We chatted with landscaping experts in Denver about the steps to take on a new home including one helpful tip that most homeowners don’t think of until its too late. According to some experts one of the first things to do to your landscaping when moving to a new residence is – nothing. Landscapers want to work, they like to work, but they give valid reasons for waiting a full calendar year before tackling a large-scale landscaping installation.

The strongest reason for waiting a year? You just don’t know what to expect from a landscape or lawn unless you’ve seen it throughout different periods in a year. Think it about this way. If you move to your new home during fall you may point out a couple sickly looking bushes that you want to replace but by spring you’re surprised to find that those bushes have grown and are blooming beautifully. If you had decided to tackle that shrub right away, you’d be missing out on the blooms. You might think you have a perfect area for annual flowers in the spring but when the summer rains come and create massive puddles in that prospective planting area you’ll know you were right to wait.

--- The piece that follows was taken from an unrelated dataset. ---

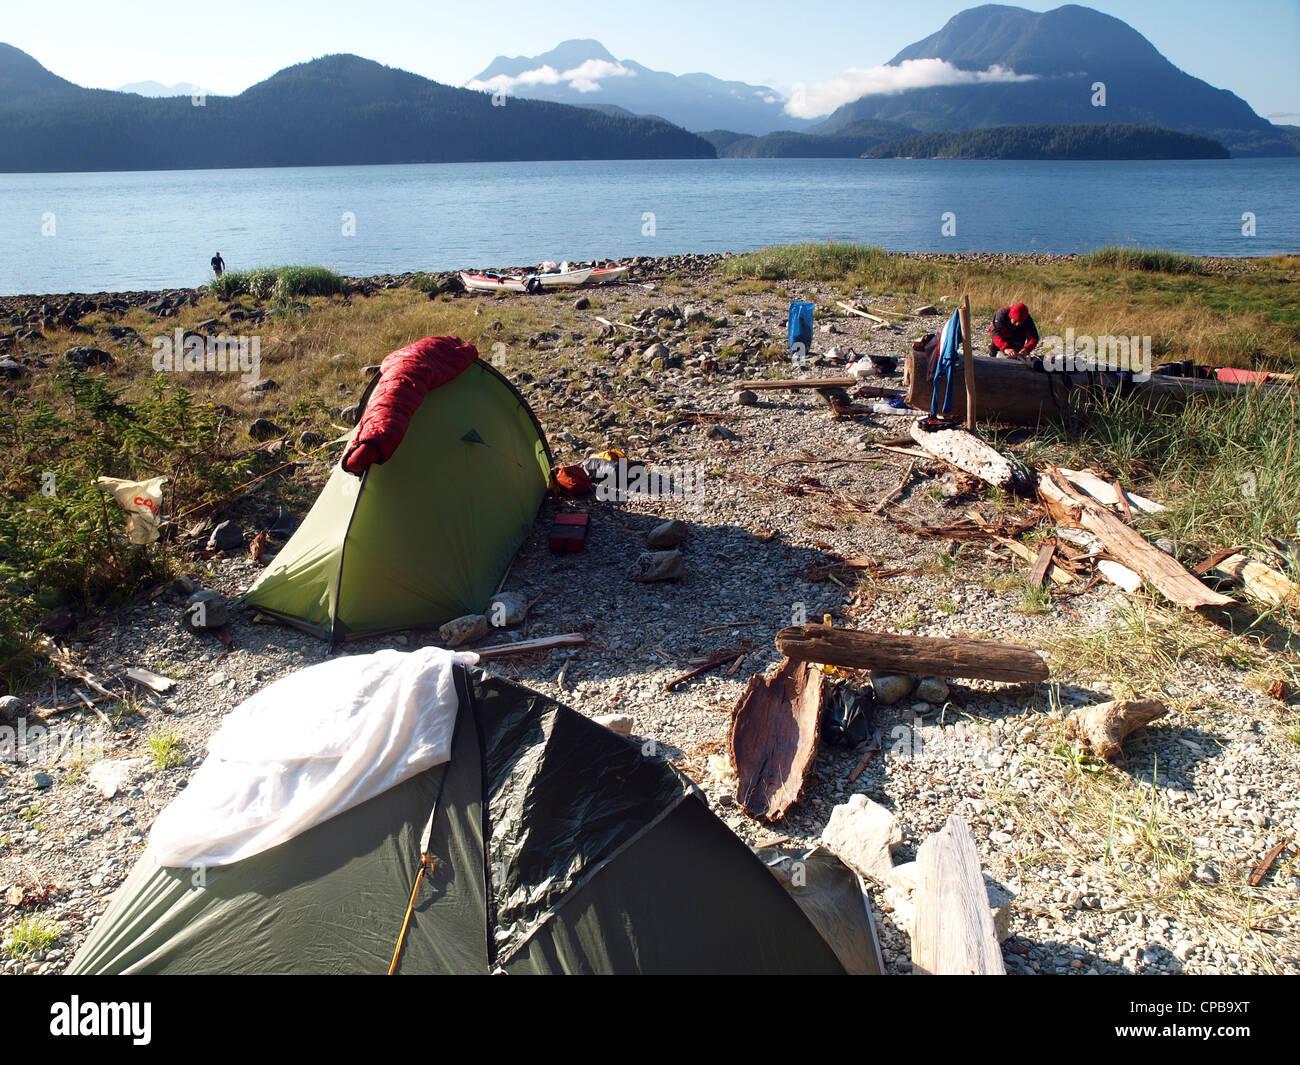 Camping en la Toba Inlet, BC, durante una expedición en kayak de mar, kayak de mar en la desolación de Imagen De Stock

This doesn’t mean you can’t do any landscaping to a new home, far from it. Small installations, small removals, and other bits of work around the property are perfectly fine, you just don’t want to make any large-scale applications until you know exactly how your property works during different parts of the year.

Your best move when deciding on your landscaping project is to meet with a local landscaping firm to discuss a master plan and the steps to take to watch your lawn and garden. After a year you’ll know what areas bloom in the spring, what areas don’t get enough sun in the summer, and other facts that could make or break any future landscaping projects. It can be tough to wait but after a year you and your landscapers can start the perfect plan fully armed with all the information about the property.